All intrinsic types have a kind type parameter called KIND,
which determines the representation method for the specified type.
The intrinsic type character also has a length type parameter called LEN,
which determines the length of the character string.
The implementation of `CHARACTER` type in f18 is described
in [Character.md](Character.md).
## Supported TYPES and KINDS
Here are the type and kind combinations supported in f18:
INTEGER(KIND=1) 8-bit two's-complement integer
INTEGER(KIND=2) 16-bit two's-complement integer
INTEGER(KIND=4) 32-bit two's-complement integer
INTEGER(KIND=8) 64-bit two's-complement integer
INTEGER(KIND=16) 128-bit two's-complement integer
REAL(KIND=2) 16-bit IEEE 754 binary16 (5e11m)
REAL(KIND=3) 16-bit upper half of 32-bit IEEE 754 binary32 (8e8m)
REAL(KIND=4) 32-bit IEEE 754 binary32 (8e24m)
REAL(KIND=8) 64-bit IEEE 754 binary64 (11e53m)
REAL(KIND=10) 80-bit extended precision with explicit normalization bit (15e64m)
REAL(KIND=16) 128-bit IEEE 754 binary128 (15e113m)
COMPLEX(KIND=2) Two 16-bit IEEE 754 binary16
COMPLEX(KIND=3) Two 16-bit upper half of 32-bit IEEE 754 binary32
COMPLEX(KIND=4) Two 32-bit IEEE 754 binary32
COMPLEX(KIND=8) Two 64-bit IEEE 754 binary64
COMPLEX(KIND=10) Two 80-bit extended precisions values
COMPLEX(KIND=16) Two 128-bit IEEE 754 binary128
No
[double-double
](https://en.wikipedia.org/wiki/Quadruple-precision_floating-point_format)
quad precision type is supported.
LOGICAL(KIND=1) 8-bit integer
LOGICAL(KIND=2) 16-bit integer
LOGICAL(KIND=4) 32-bit integer
LOGICAL(KIND=8) 64-bit integer
No 128-bit logical support.
### Defaults kinds
INTEGER 4
REAL 4
COMPLEX 4
DOUBLE PRECISION 8
LOGICAL 4
#### Modifying the default kind with default-real-8.
REAL 8
DOUBLE PRECISION 8
COMPLEX 8
#### Modifying the default kind with default-integer-8:
INTEGER 8
LOGICAL 8
Modules compiled with different default-real and default-integer kinds
may be freely mixed.
Module files encode the kind value for every entity.

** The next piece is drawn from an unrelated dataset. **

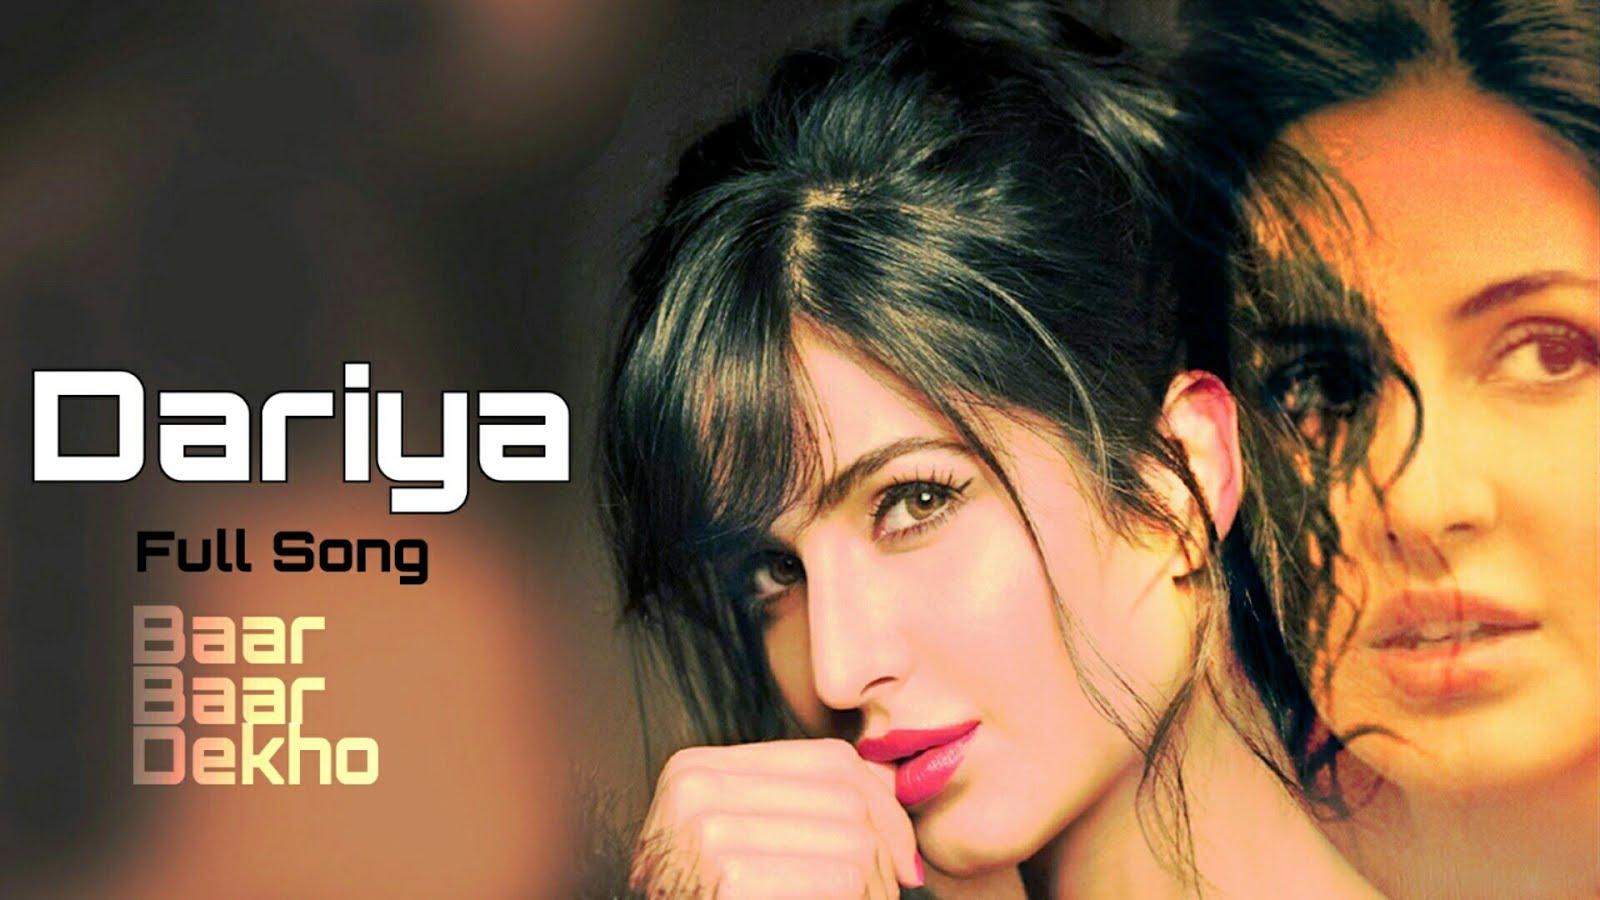 Hindi Songs Lyrics Dariya Full Song Lyrics Baar Baar Dekho Hindi Movie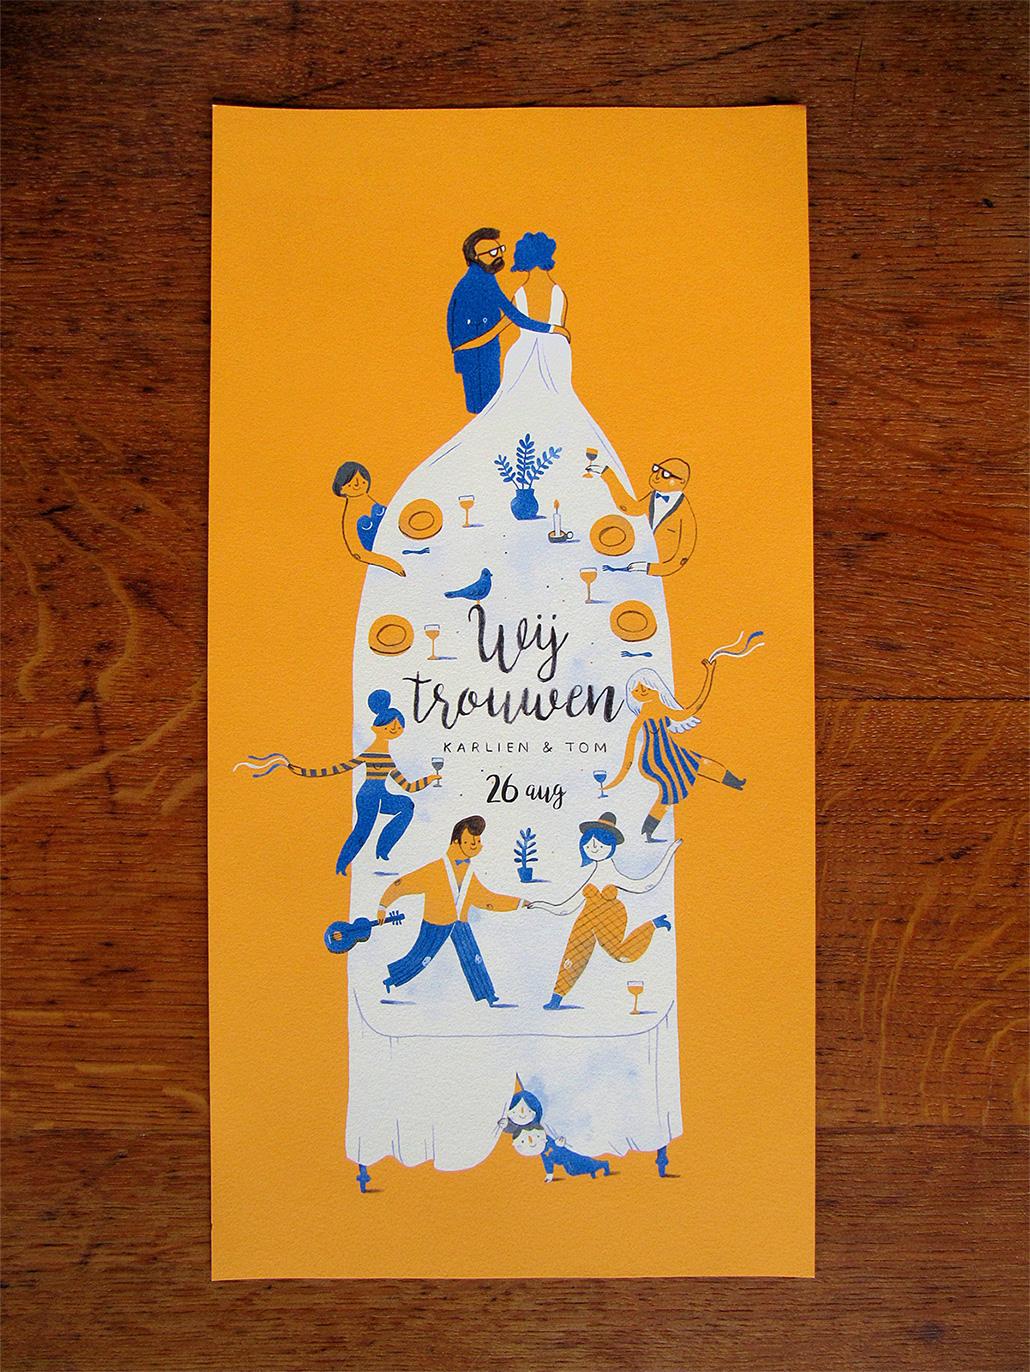 Wedding invitation tom karlien on behance stopboris Choice Image

## Representation of LOGICAL variables
The default logical is `LOGICAL(KIND=4)`.
Logical literal constants with kind 1, 2, 4, and 8
share the following characteristics:
.TRUE. is represented as 1_kind
.FALSE. is represented as 0_kind
Tests for true is *integer value is not zero*.
The implementation matches gfortran.
Programs should not use integer values in LOGICAL contexts or
use LOGICAL values to interface with other languages.
### Representations of LOGICAL variables in other compilers
##### Intel ifort / NVIDA nvfortran / PGI pgf90
.TRUE. is represented as -1_kind
.FALSE. is represented as 0_kind
Any other values result in undefined behavior.
Values with a low-bit set are treated as .TRUE..
Values with a low-bit clear are treated as .FALSE..
##### IBM XLF
.TRUE. is represented as 1_kind
.FALSE. is represented as 0_kind
Values with a low-bit set are treated as .TRUE..
Values with a low-bit clear are treated as .FALSE..
|